Revision as of 22:32, 13 February 2025 by Mitsuihisashi14 (talk | contribs) (Solution)

Problem

From an unlimited supply of 1-cent coins, 10-cent coins, and 25-cent coins, Silas wants to find a collection of coins that has a total value of $N$ cents, where $N$ is a positive integer. He uses the so-called greedy algorithm, successively choosing the coin of greatest value that does not cause the value of his collection to exceed $N.$ For example, to get 42 cents, Silas will choose a 25-cent coin, then a 10-cent coin, then 7 1-cent coins. However, this collection of 9 coins uses more coins than necessary to get a total of 42 cents; indeed, choosing 4 10-cent coins and 2 1-cent coins achieves the same total value with only 6 coins. In general, the greedy algorithm succeeds for a given $N$ if no other collection of 1-cent, 10-cent, and 25-cent coins gives a total value of $N$ cents using strictly fewer coins than the collection given by the greedy algorithm. Find the number of values of $N$ between $1$ and $1000$ inclusive for which the greedy algorithm succeeds.

Solution 1

First, we note that everything N <= 25 works.

Starting from 25-29, the greedy algorithm will choose the 25 big coin and it won't cause any problems.

From 30-34, The greedy algorithm will select the 25 coin with 5 1-cent to approach to 30, whilst the optimal solution is to use 3 10-cent.
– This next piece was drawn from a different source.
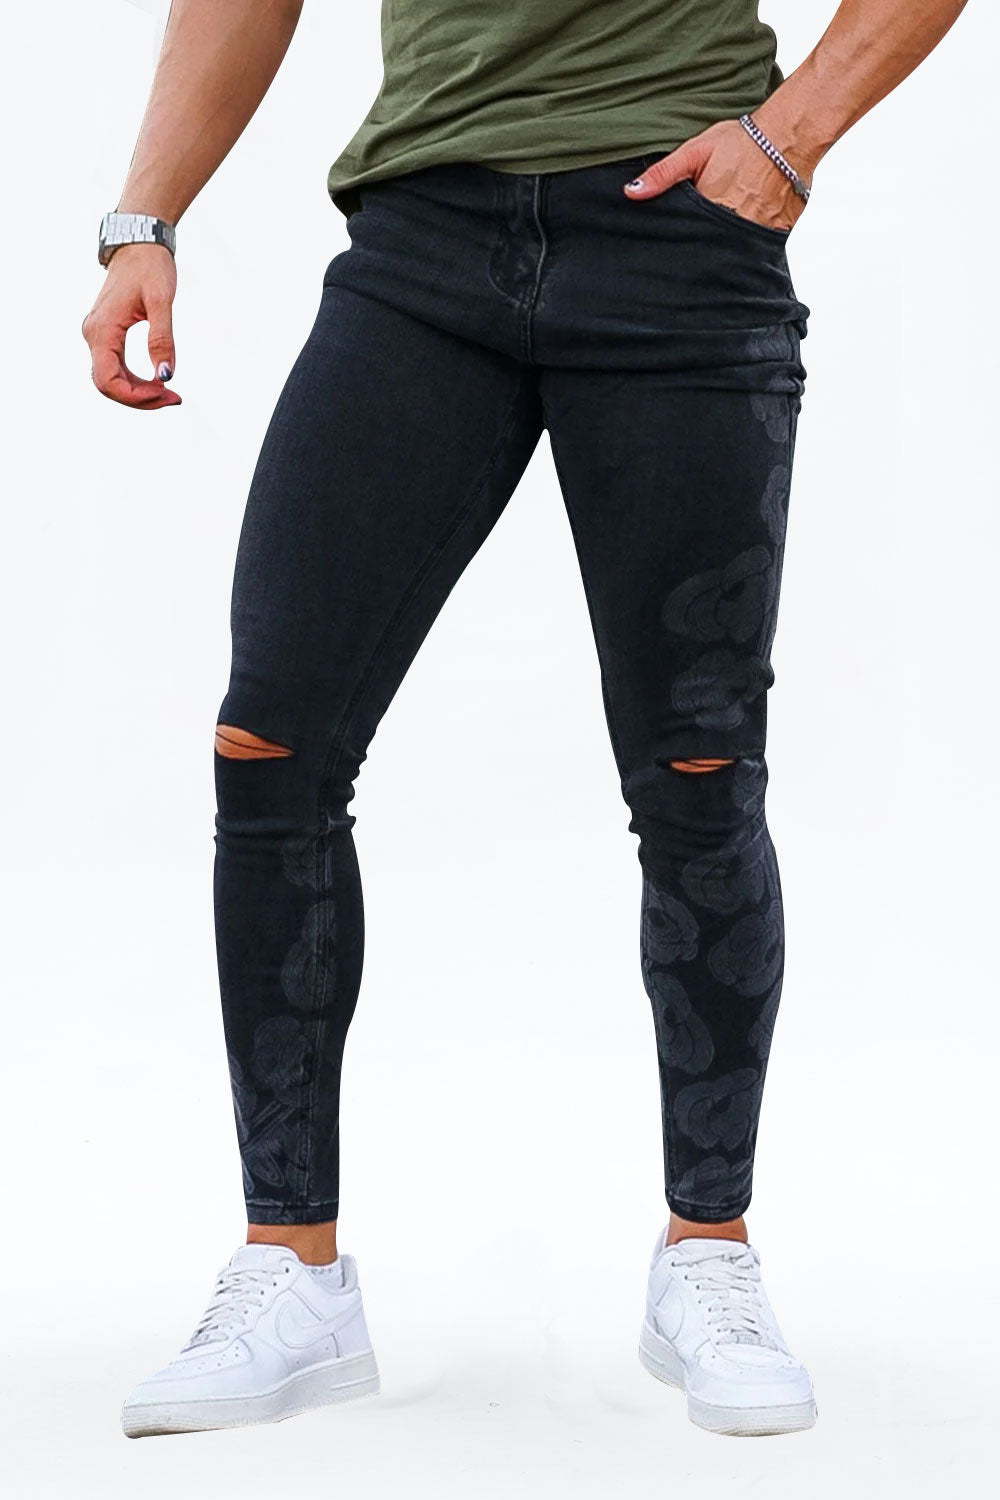 GINGTTO Men's Black Ripped Skinny Jean - Vintage for Sale 36

This problem would be resolved from 35-39, as the greedy can select 25 + 10-cent to match the optimal solution.

From 40-44, the same problem occurs again. The algorithm will choose 25 + 10 + 5*1 to approach 40, whilst it could be solved by using 4 * 10 cent.

The problem occurs again from 55-59, where 50 + 5*1 is not as great as using 25 + 3 * 10, and it will be resolved at 60. 65-69 will have this problem bursted out again, as 25 * 2 + 10 + 5 1-cents is not as good as 25 + 4 * 10 to approach 65.

We observe that the cycle is 25 numbers, and 10 of the 25 numbers in a cycle doesn't work. The cycle starts at 30, and the next cycle will start 25 later (55), then 80, ... until 980-1005 for the last cycle to count.

The full cycles number is (955-30)/25 + 1 = 38, each cycle has 10 problem numbers, where 38*10 = 380. The cycle of 980 to 1005 has the issue numbers of 980-984 and 990-994, where there are also 10 numbers.

Therefore, the unsuccessful counts from 1 to 1000 inclusive would be 390, and the desired answer is 1000 - unsuccessful counts = 1000 - 390 = 610.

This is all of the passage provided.